The figure below illustrates an FAU assembly, with the FAU at the PIC end on the right, a SM/PM fiber harness and several optical connectors on the left that mate at the inside of the system’s faceplate.

At OFC 2025, Corning also showcased two examples of inside-the-box CPO fiber infrastructures. One of these was a single rack-unit mockup emanating a 102.4 Tb/s Ethernet switching system with 64 MMC faceplate connectors and a total of up to 1,024 signal fibers neatly organized to and from the 16 PICs that are co-located with the switching IC in the middle of the assembly. In addition, 16 pluggable laser source modules at the faceplate are interconnected to the same PICs by means of specialized fibers known as polarization-maintaining (PM) fibers.

The other CPO fiber infrastructure example that was showcased was a GPU-based interconnect system from Mixx Technologies, which also included MMC connectors and pluggable laser sources at the system’s faceplate, a mix of densely packed single mode and polarization maintaining fibers, and fiber management trays to ensure that the fibers are organized in a way that is easily serviceable. Having deployed a high number of densely packed fiber infrastructures in data center and telecom environments, Corning has the experience and know-how to ensure that these systems can be deployed both robustly and at scale.

Additionally, at OFC 2025, Corning previewed a proof of concept towards a more advanced method of connecting fibers to chips by means of a glass substrate with integrated optical waveguides. In addition to scale and cost benefits, extreme densities can be achieved at the edge of the PIC by bringing the waveguides very close together, down to about 30µm, which is far more than what can be achieved with even the thinnest fibers. Next generation fiber-to-chip coupling will enable GPU optics—which will require unprecedented levels of density and scale. Because Corning has the combination of glass, connector, and fiber expertise, we are uniquely positioned to integrate all these critical elements into the most advanced fiber-to-chip connector in the industry which will enable later generation CPO designs by our data center OEM customers.

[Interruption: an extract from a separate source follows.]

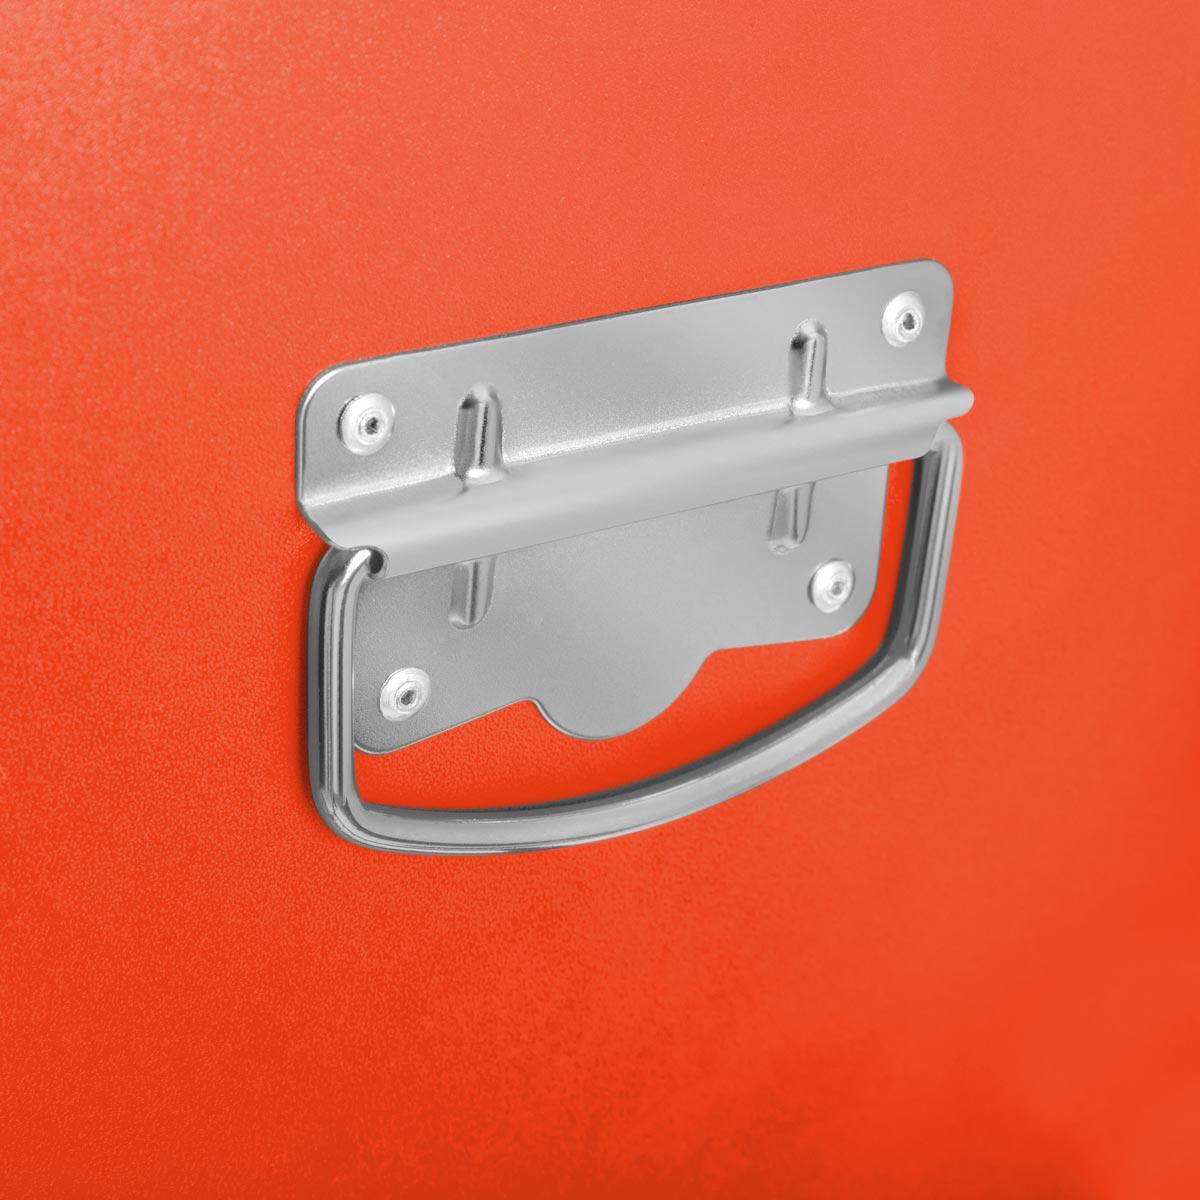 miniatura 26 - Carro para herramientas PRO armario acero 4 ruedas 10 cajones GREENCUT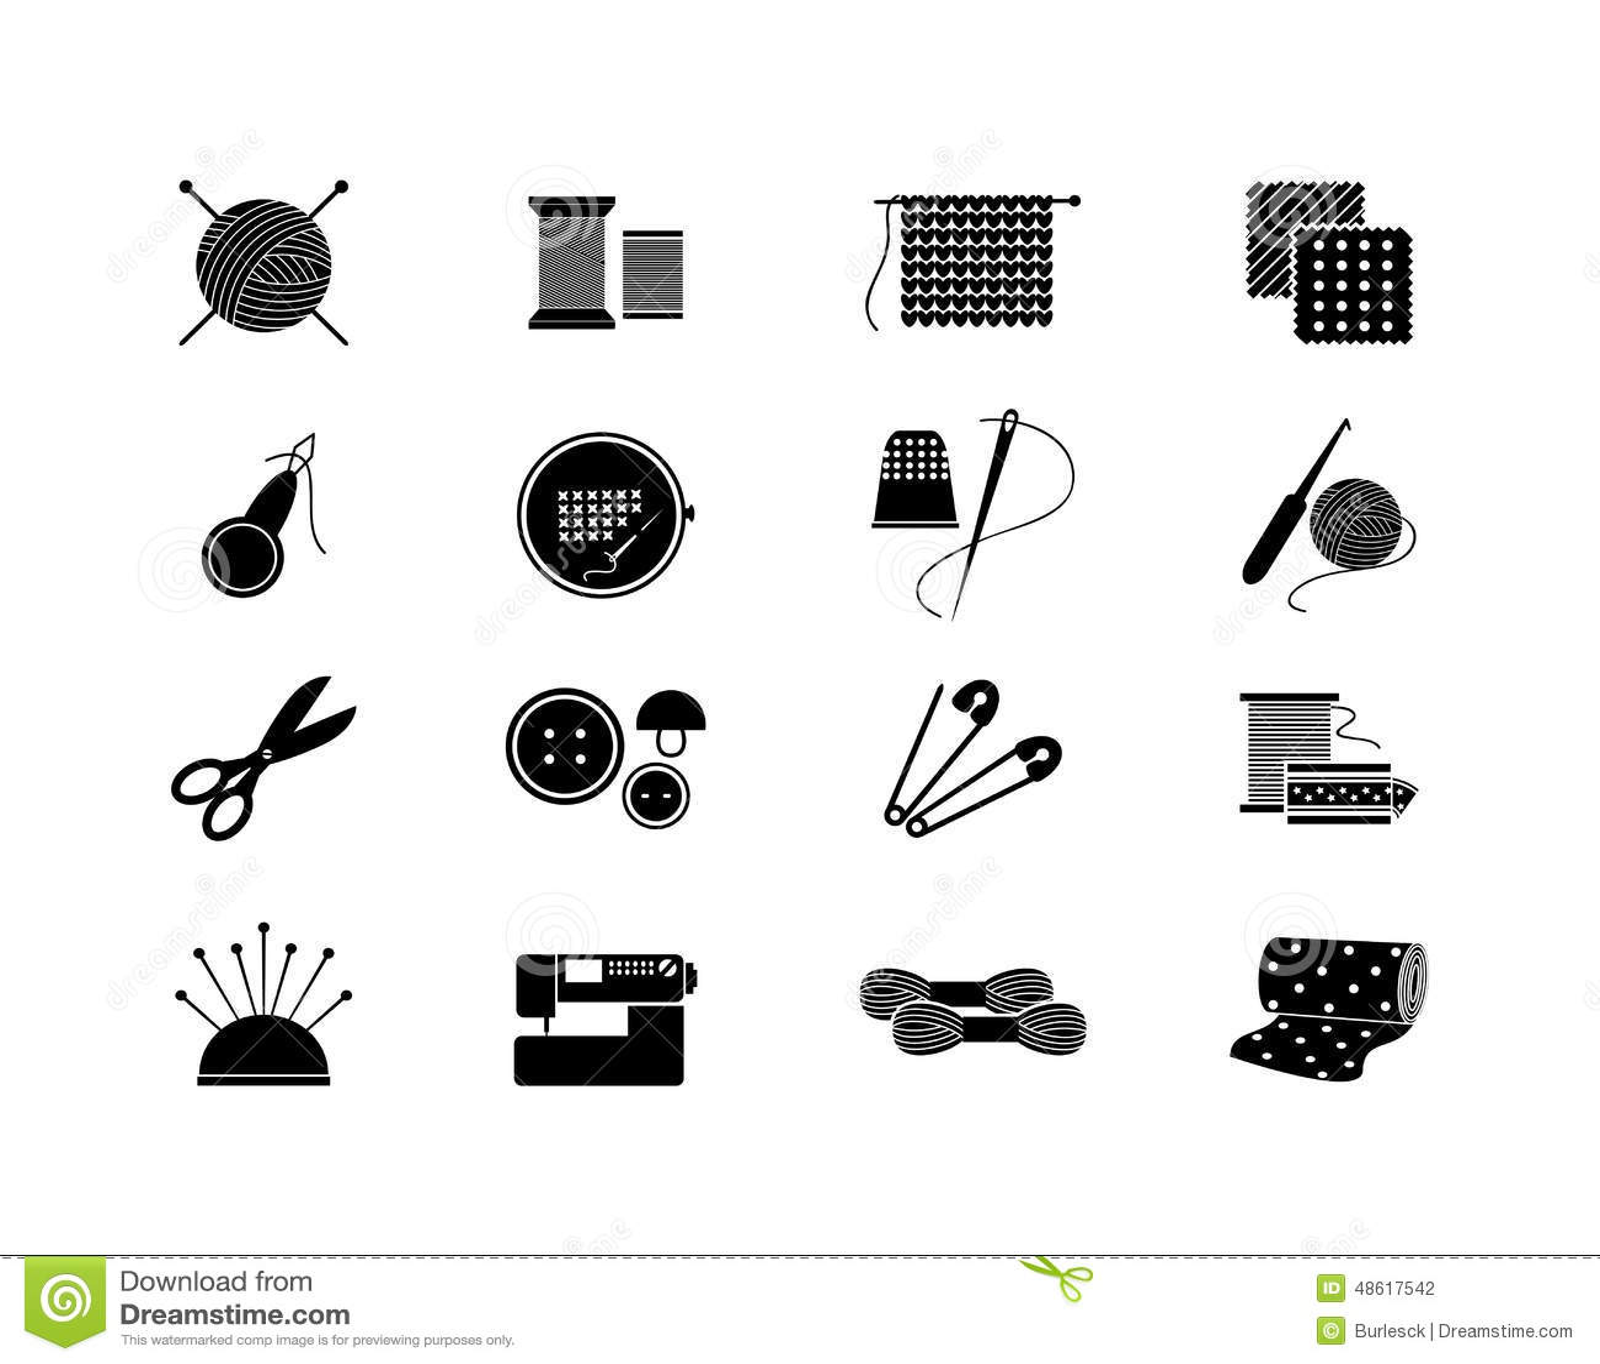 Needlework Icons For Sewing Knitting Needlework Stock

What once appeared to be a far-reaching and futuristic technology, CPO has become a reality driven by phenomenal AI growth and the need to enable it with increased speeds and density while significantly reducing power consumptions. Corning has all the elements to address this need with innovative fiber and connectivity solutions and is excited to help move CPO forward now and in the years to come.